> Task data
============
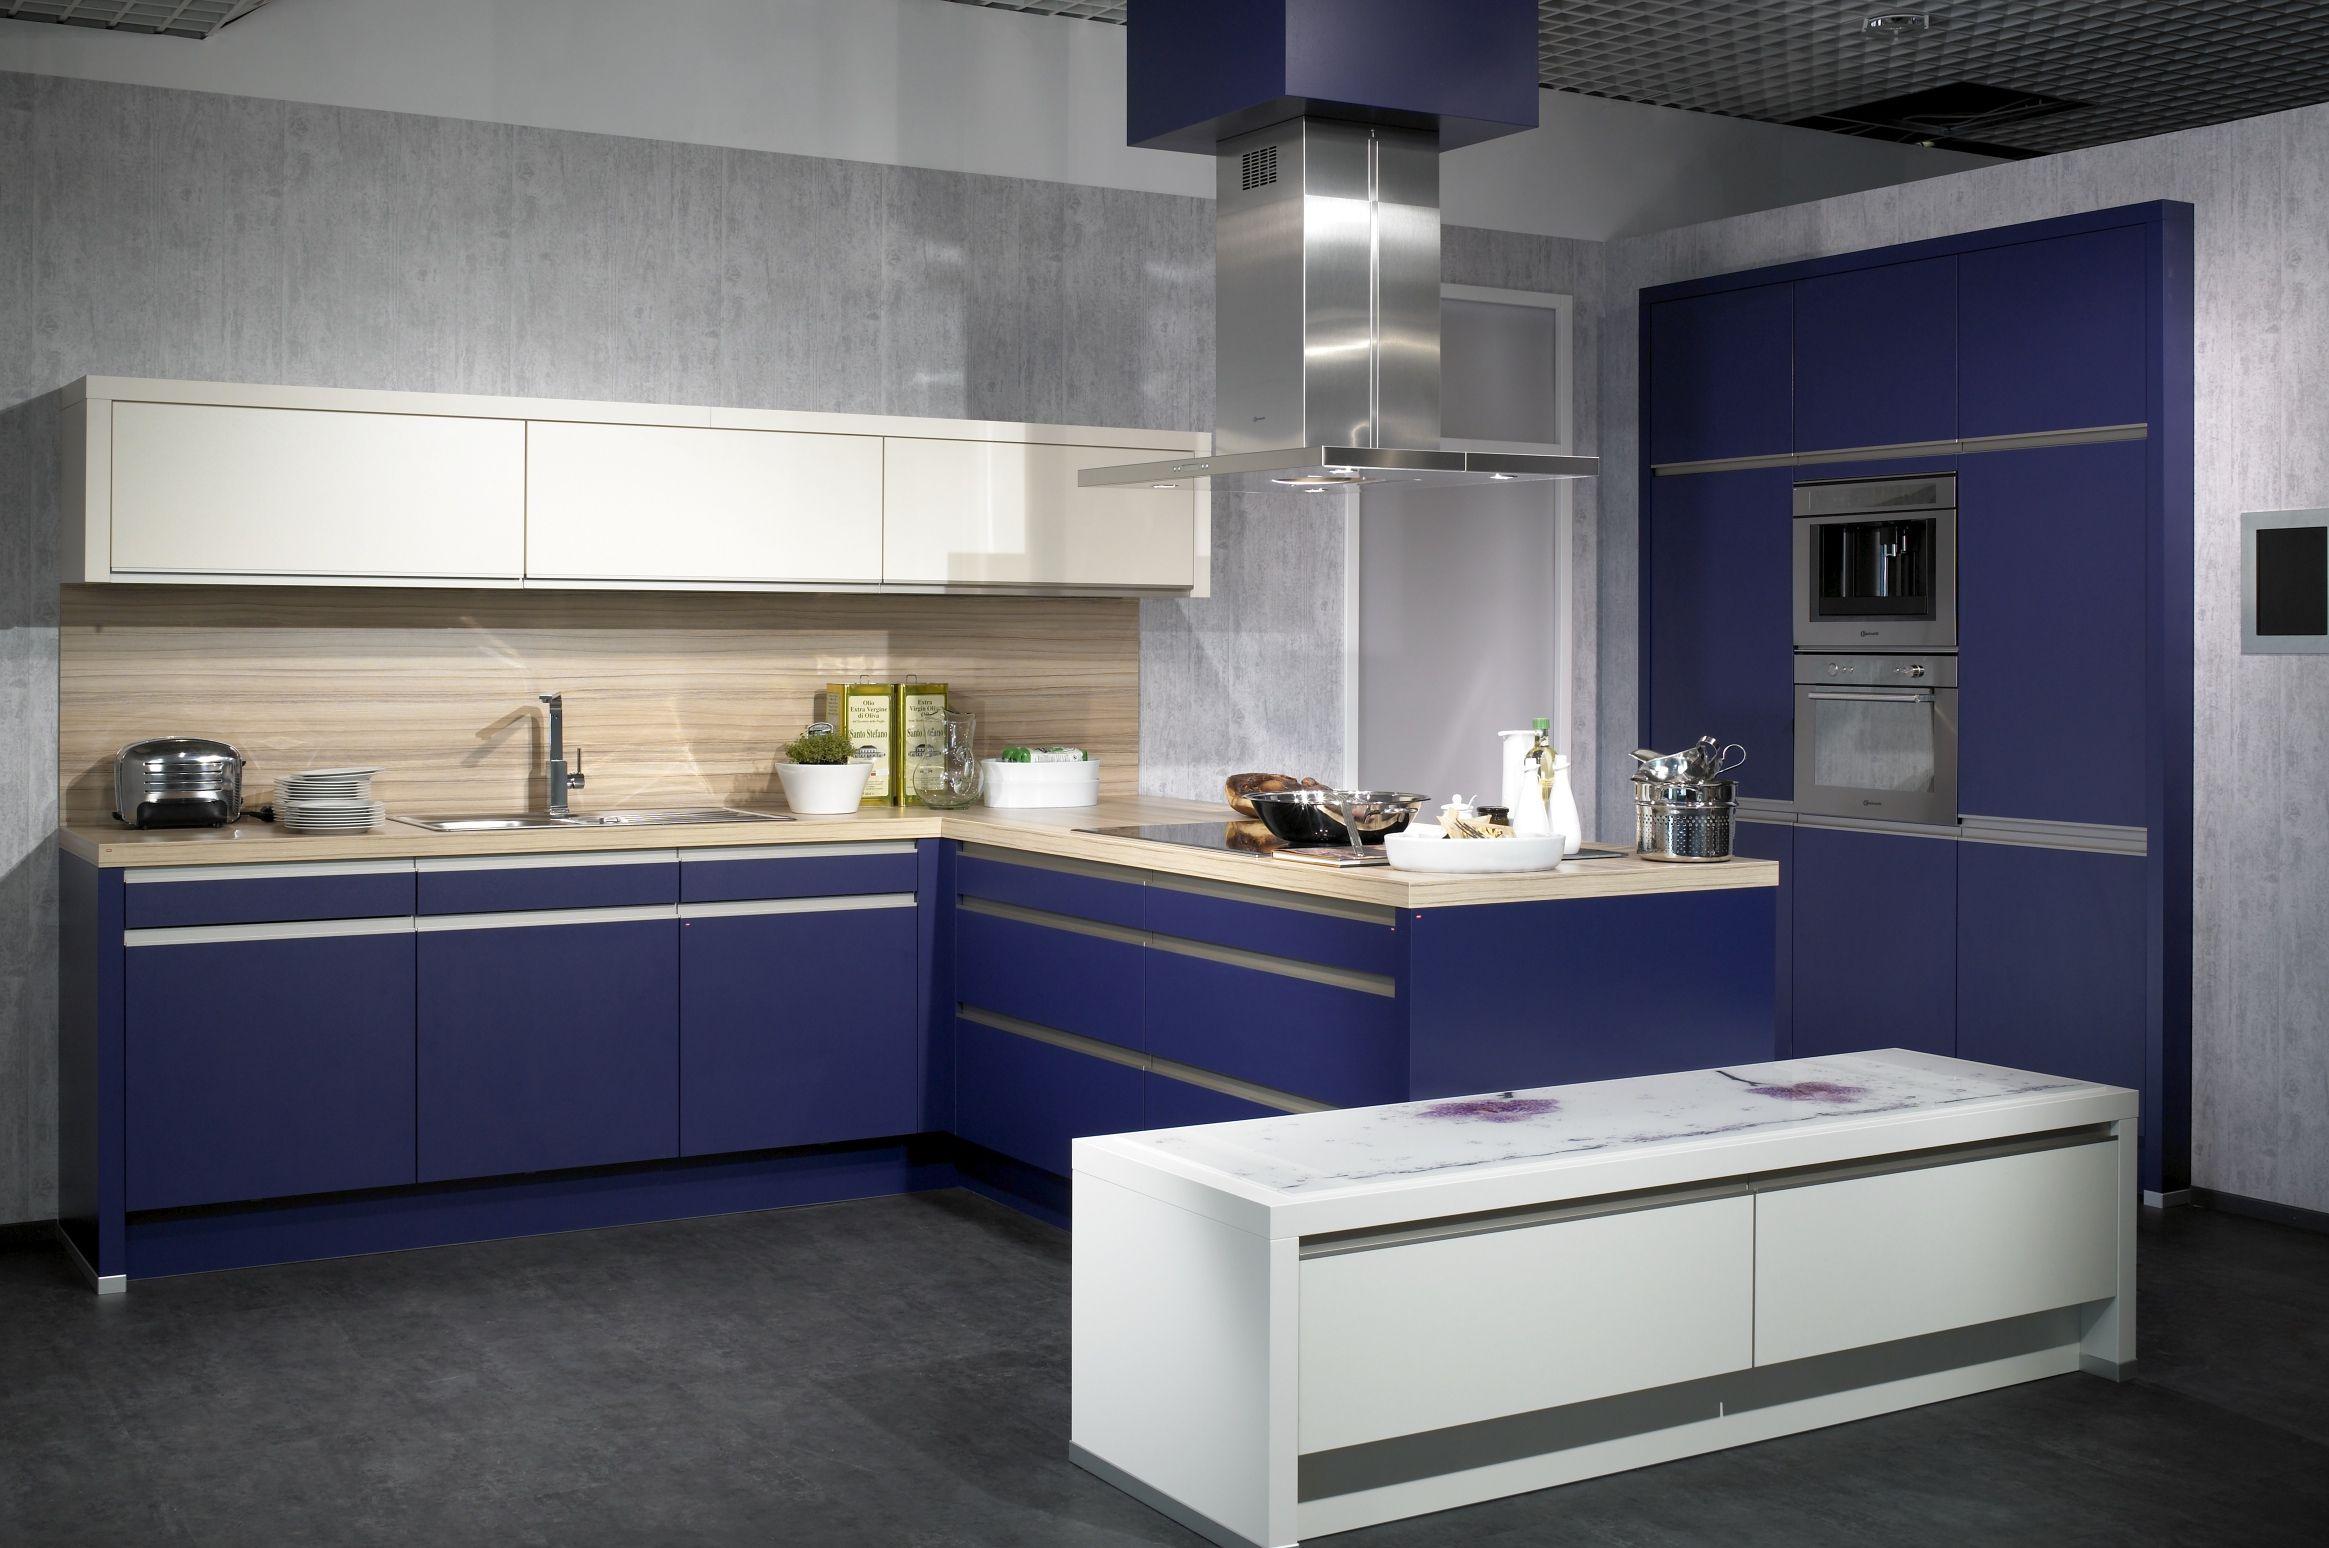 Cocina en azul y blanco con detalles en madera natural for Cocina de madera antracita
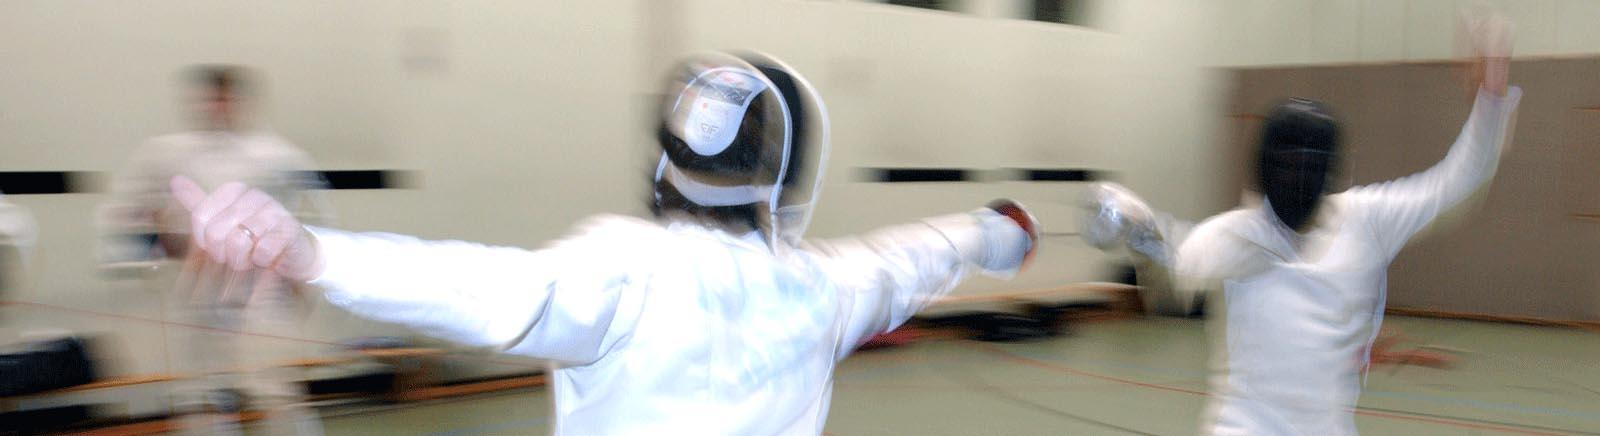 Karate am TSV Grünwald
============
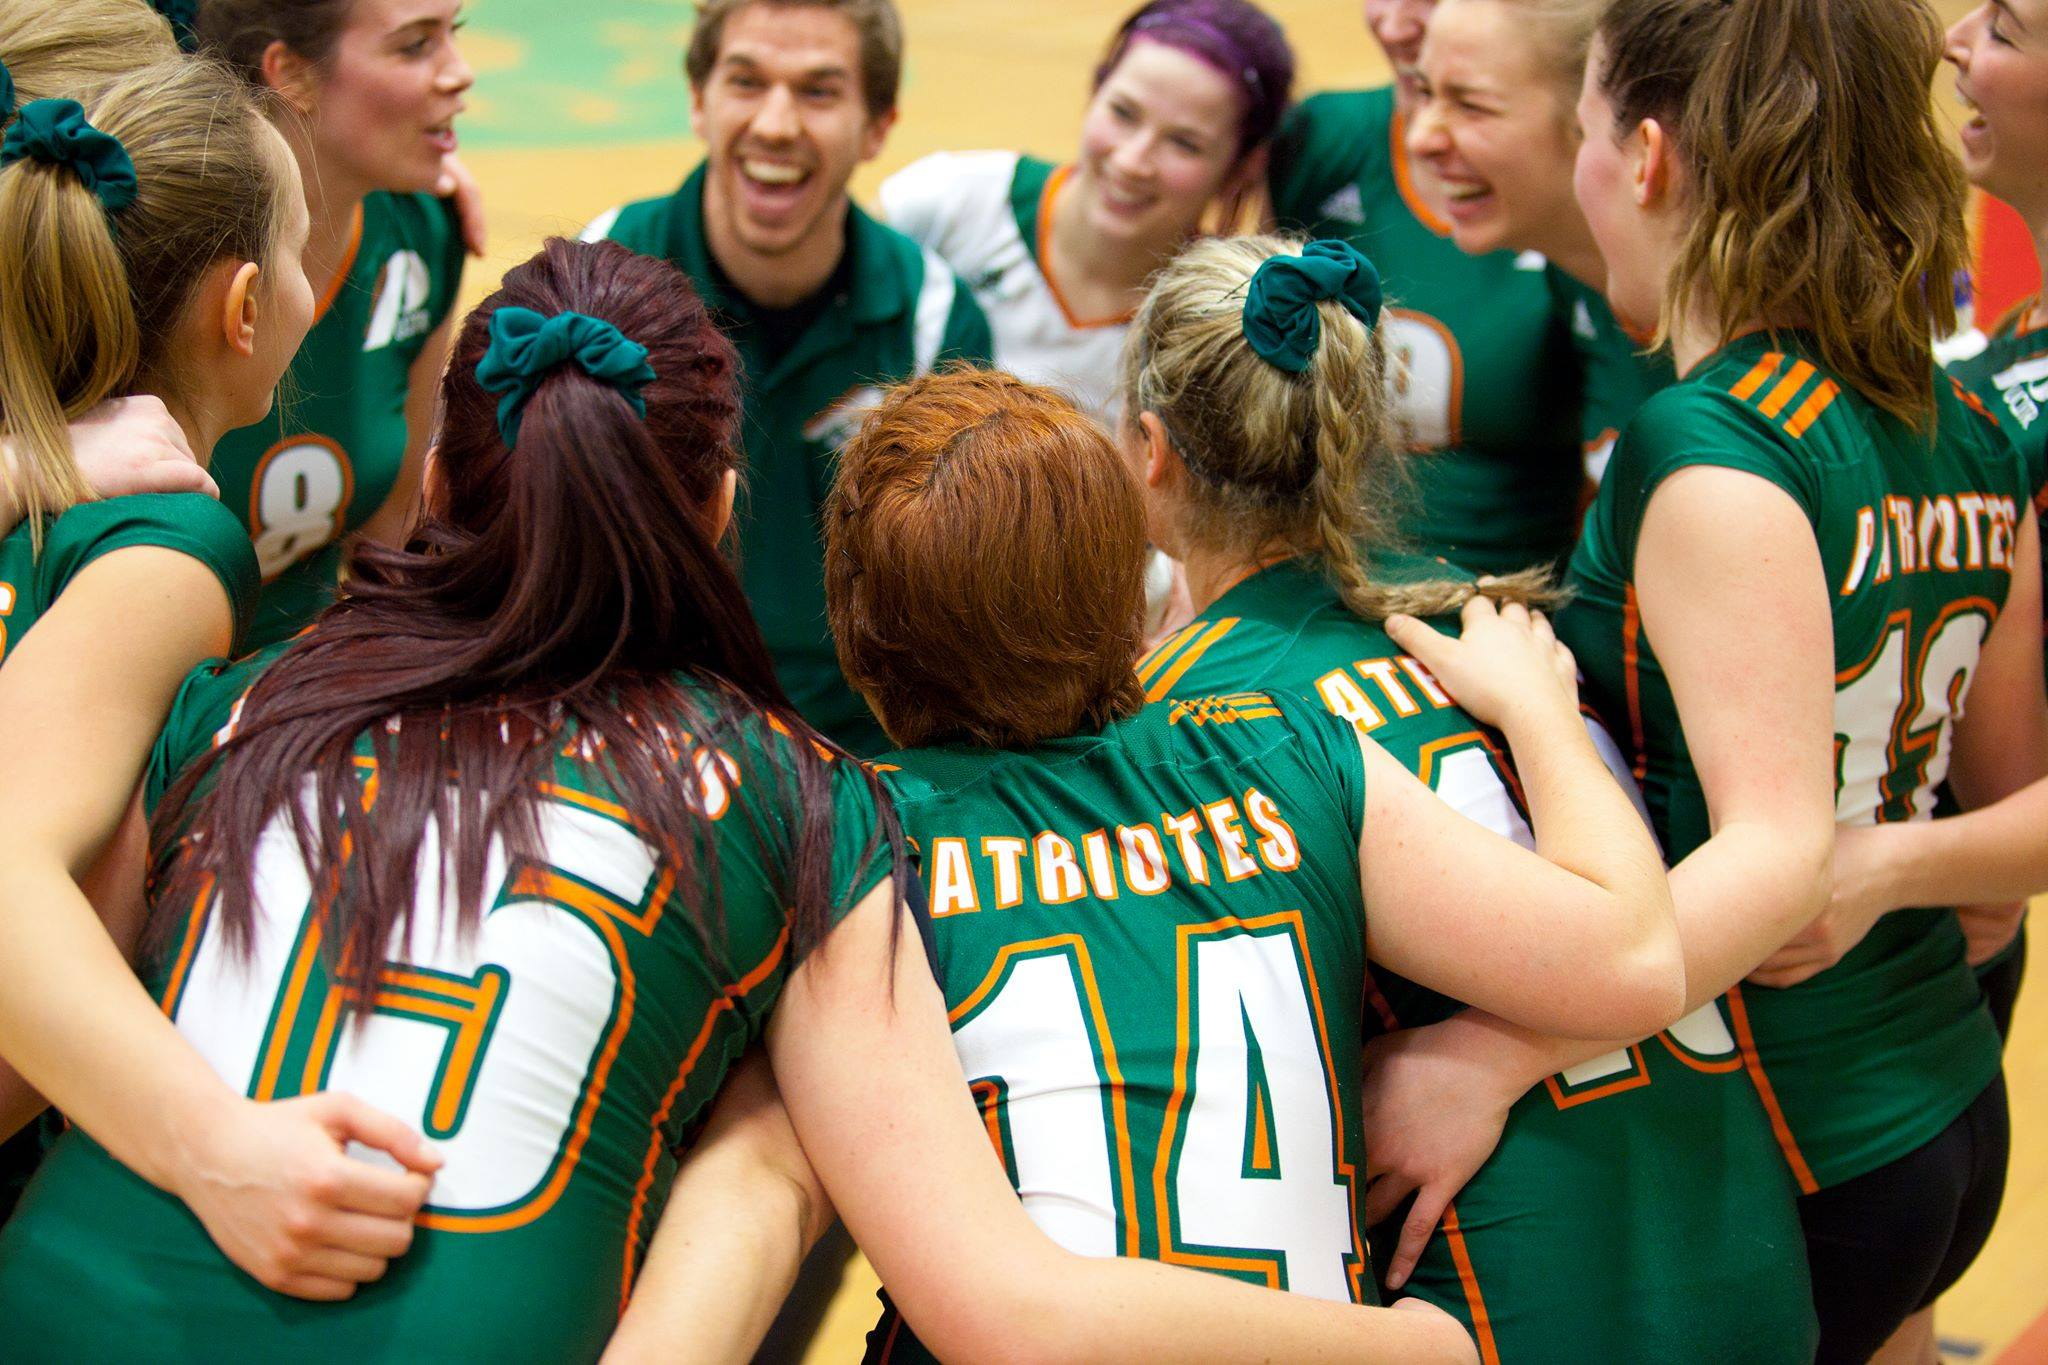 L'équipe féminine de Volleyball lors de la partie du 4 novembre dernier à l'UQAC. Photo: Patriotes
============
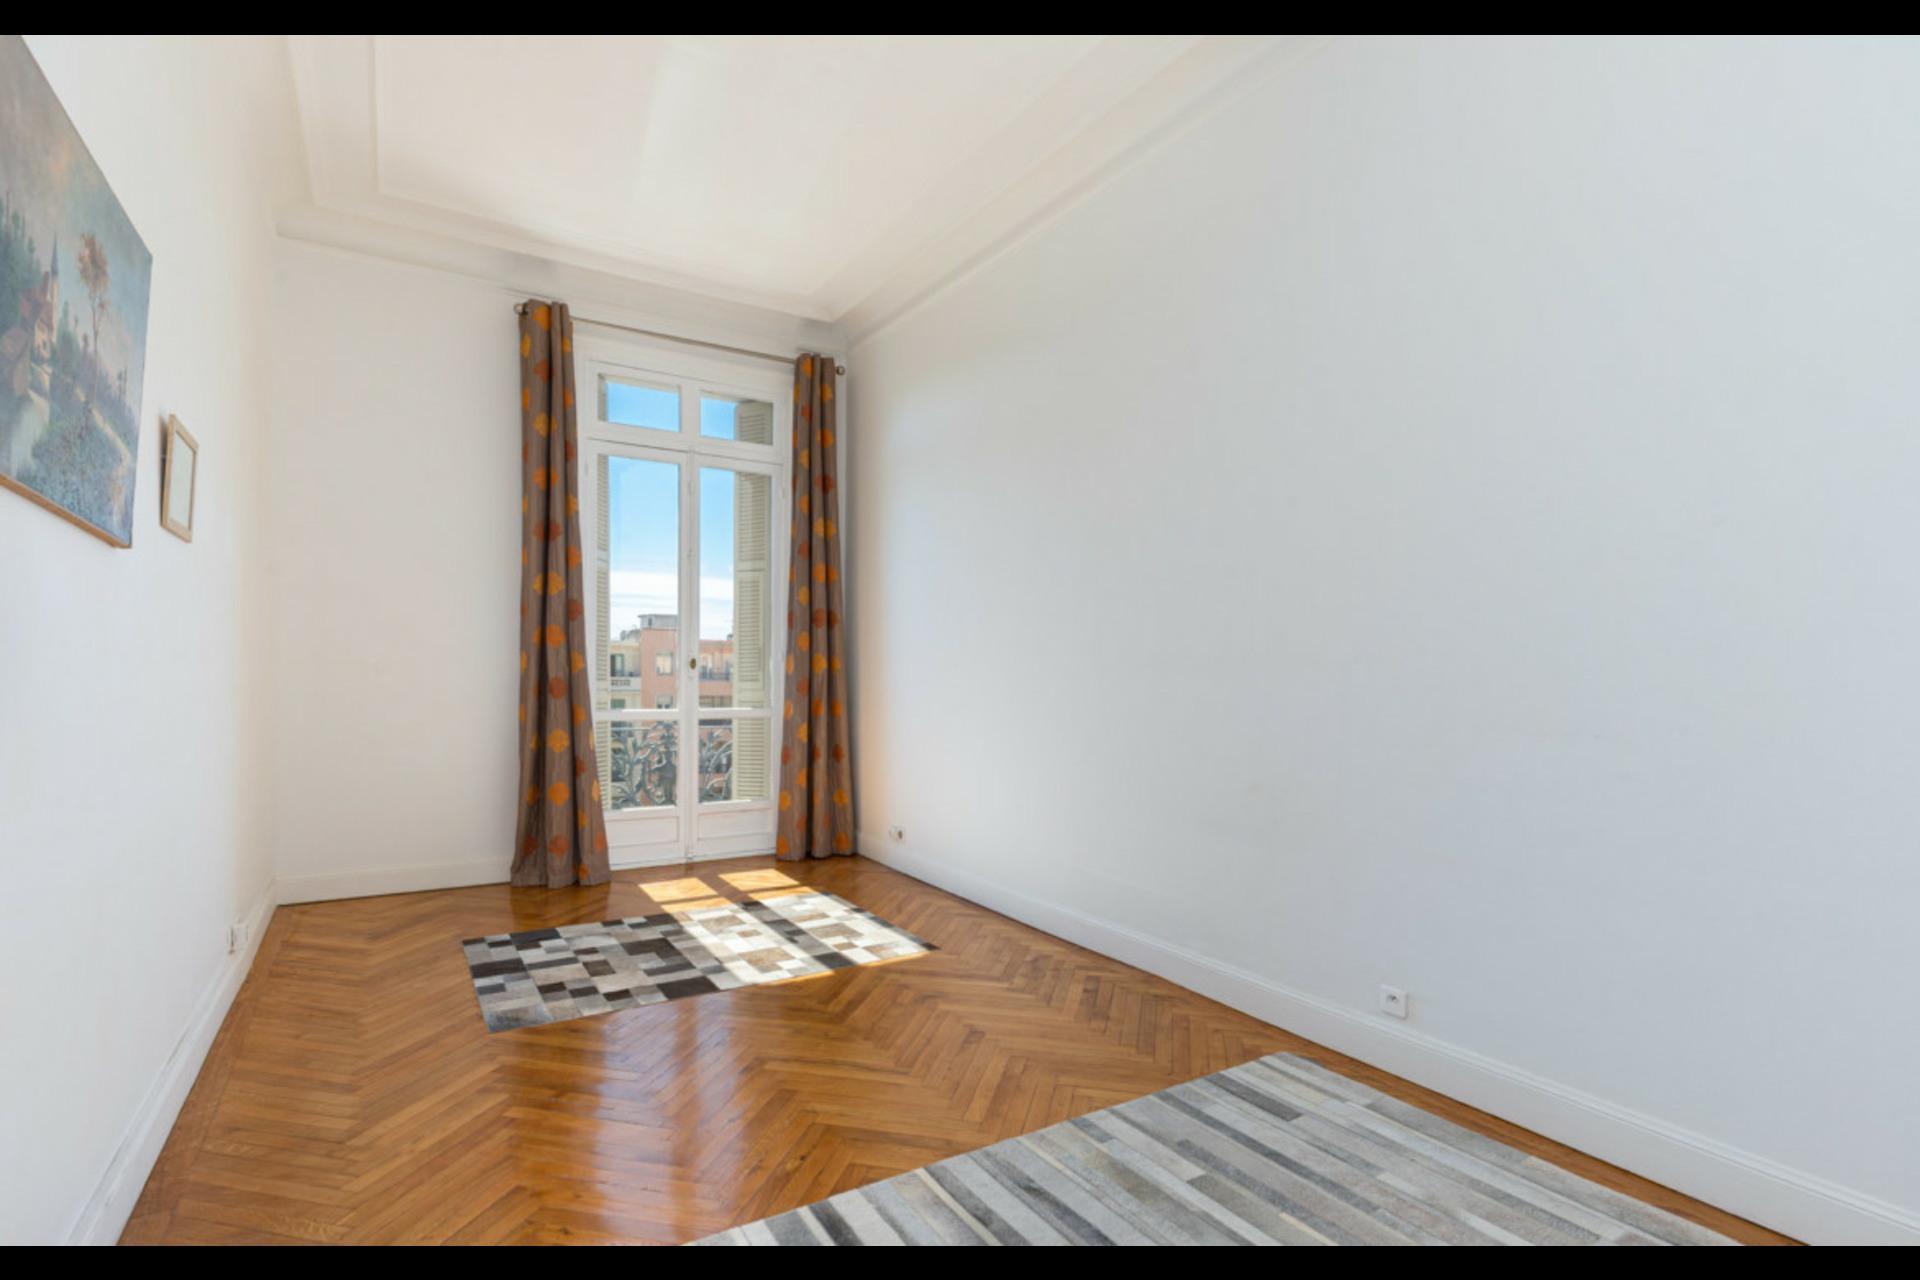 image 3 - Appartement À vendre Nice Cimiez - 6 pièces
============
> Problem description
In the data above, retype only the stretch from the line with "Cocina en azul" through the line with "Karate am TSV Grünwald", word for word, and skip any pictures.

> Exercise answer
 Cocina en azul y blanco con detalles en madera natural for Cocina de madera antracita
 Karate am TSV Grünwald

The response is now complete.